Pas facile pour nous de traquer l’argent qatari dans les caisses de M6, comme l’a fait de La Villardière pour l’argent des Tunisiens, en paparazzant sans grandes révélations l’aîné des Trabelsi dans son asile canadien. Mais une chose est sûre : la chaîne n’est pas au mieux de sa forme. Sa ligne lui échappe. Ses meilleures émissions tirent le rideau. Son « Capital » et autres magazines sont de plus en plus controversés. En mars 2014, Le Canard enchaîné révélait que le portrait diffusé dans “Capital” sur l’oncle de l’Emir du Qatar Abdallah Al Thani a été réalisé par une journaliste extérieure qui s’est avérée être une personalité proche du prince. Le 6 septembre 2014, dans une enquête intitulée “M6, la grande chaîne qui fait pssshhhh…” Télérama écrit: “ M6 dévisse : elle descendait à 10,6 % de part d’audience en 2013. Et en 2014, elle est tombée, entre avril et fin juillet, sous la barre des 10 %, atteignant, avec 9,4 % en juin, ses pires scores depuis 1992.”
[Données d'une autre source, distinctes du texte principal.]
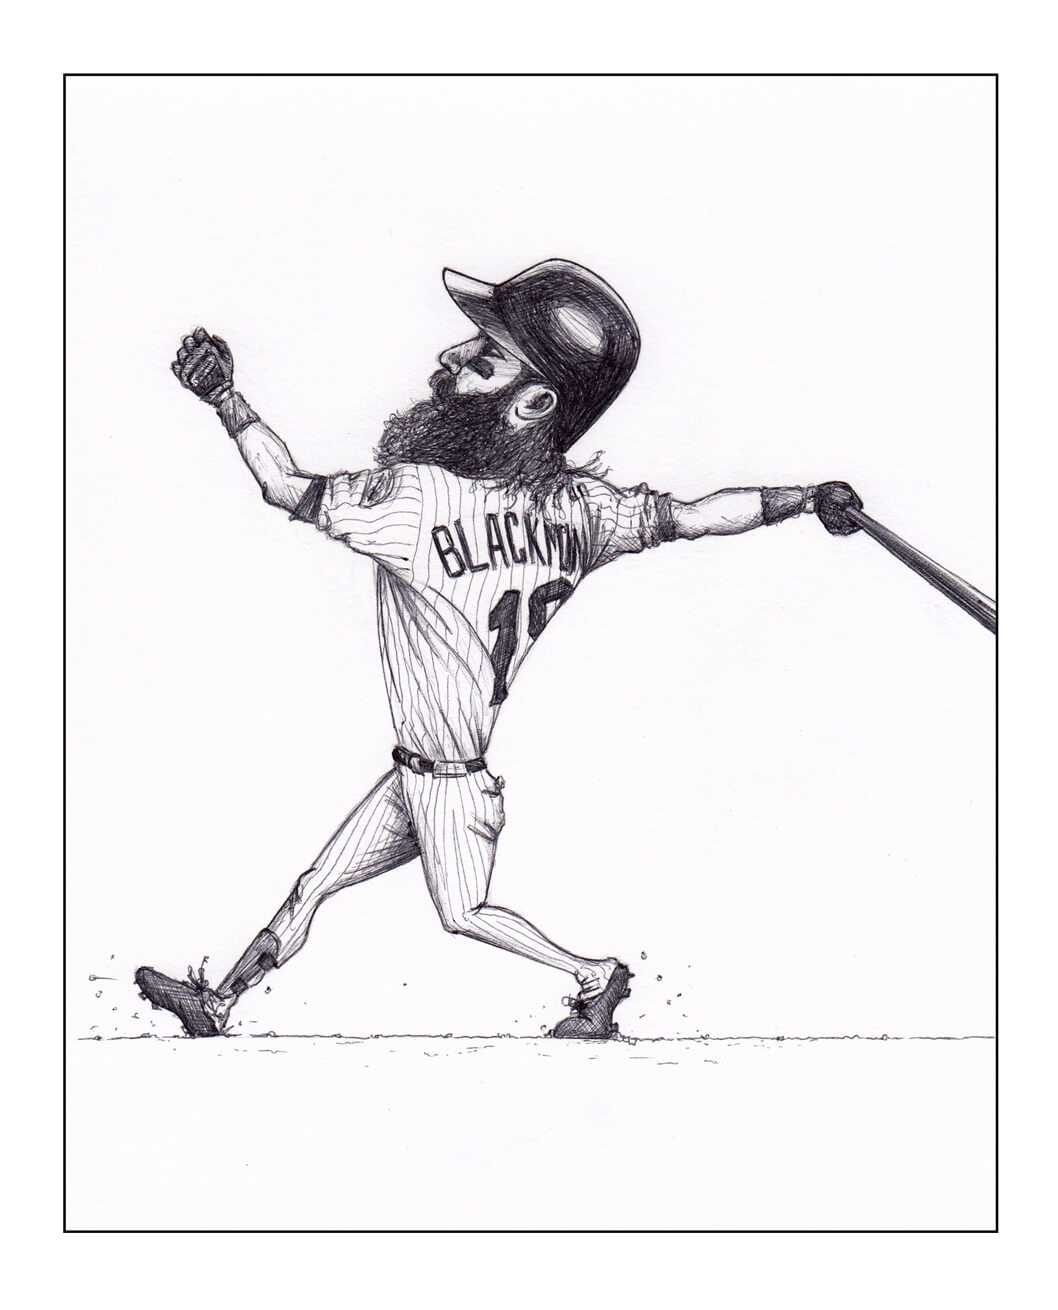 sketch of charlie blackmon

Un angle qui échappe et un message qui dévie
Mais, au-delà des turbulences de la chaîne, — on ne sait même pas pour quel public (tunisien ou français) s’adresse l’enquête de dimanche — « Le trésor caché du dictateur » n’est pas qu’un cas de dérive déontologique. C’est avant tout et naturellement un exemple de déficit journalistique. Une analyse du contenu sommaire du déroulement permet rapidement d’en repérer les principales failles : derrière le rythme haletant et sensationnel de la mise en scène, de la musique, des va-et-vient entre les capitales, et des scènes voyeuristes, le genre est une investigation de surface construite sur des reprises d’images et de reportages déjà diffusés. Sur le trésor de Ben Ali, l’on aura rien appris que l’on ne connaisse déjà. L’absence d’angle a par ailleurs permis de glisser sans embarras de la traque de la fortune et du clan au nouveau locataire désintéressé qui, de son côté, passe la parole à une « Dame de fer » d’Ennahdha — Mehrezia Laâbidi — à la poigne de laquelle « les Tunisiens doivent la Constitution la plus moderniste du monde arabe ». Les quelques blogueurs et fêtards interpellés plus tard dans la banlieue Nord ne sont là que pour permettre à de La Villardière de conclure : « Les Tunisiens sont appelés dans les jours qui viennent à confirmer ce modèle de société». Entendre modèle gouverné par l’islamisme modéré et ouvert à toutes les libertés. Mais, ce n’est pas du tout ce qu’entendent les Tunisiens par cette dernière réplique. Le message reçu par ceux qui ont regardé « Le trésor caché du dictateur » est : «En trois ans, la Troïka n’a rien fait pour le confisquer, le gérer et l’injecter dans le budget ». En cela l’« Enquête exclusive » aura à peine servi à relativiser l’inouï larcin du dictateur en cela que ses successeurs ont été montrés capables de le dilapider. Il en est ainsi des propagandes.
Auteur : Hedia Baraket
Ajouté le : 14-10-2014
http://www.lapresse.tn/14102014/89155/voila-pourquoi-le-tresor-cache-du-dictateur-ne-profitera-pas-au-successeur%C2%A0.html/

Un commentaire sur “Hédia Barakat:Voilà pourquoi «Le trésor caché du dictateur» ne profitera pas au «successeur»

  1. Je pensais et je souhaitais après la fuite de ZABA (il n’y a pas eu malheureusement de révolution) que la Tunisie allait devenir un pays démocratique et répondre aux demandes de celles et ceux qui se sont soulevés et criés « dégage »…..je constate qu’il faut encore attendre deux ou trois générations (si tout va bien) pour arriver à un « vrai printemps tunisien ».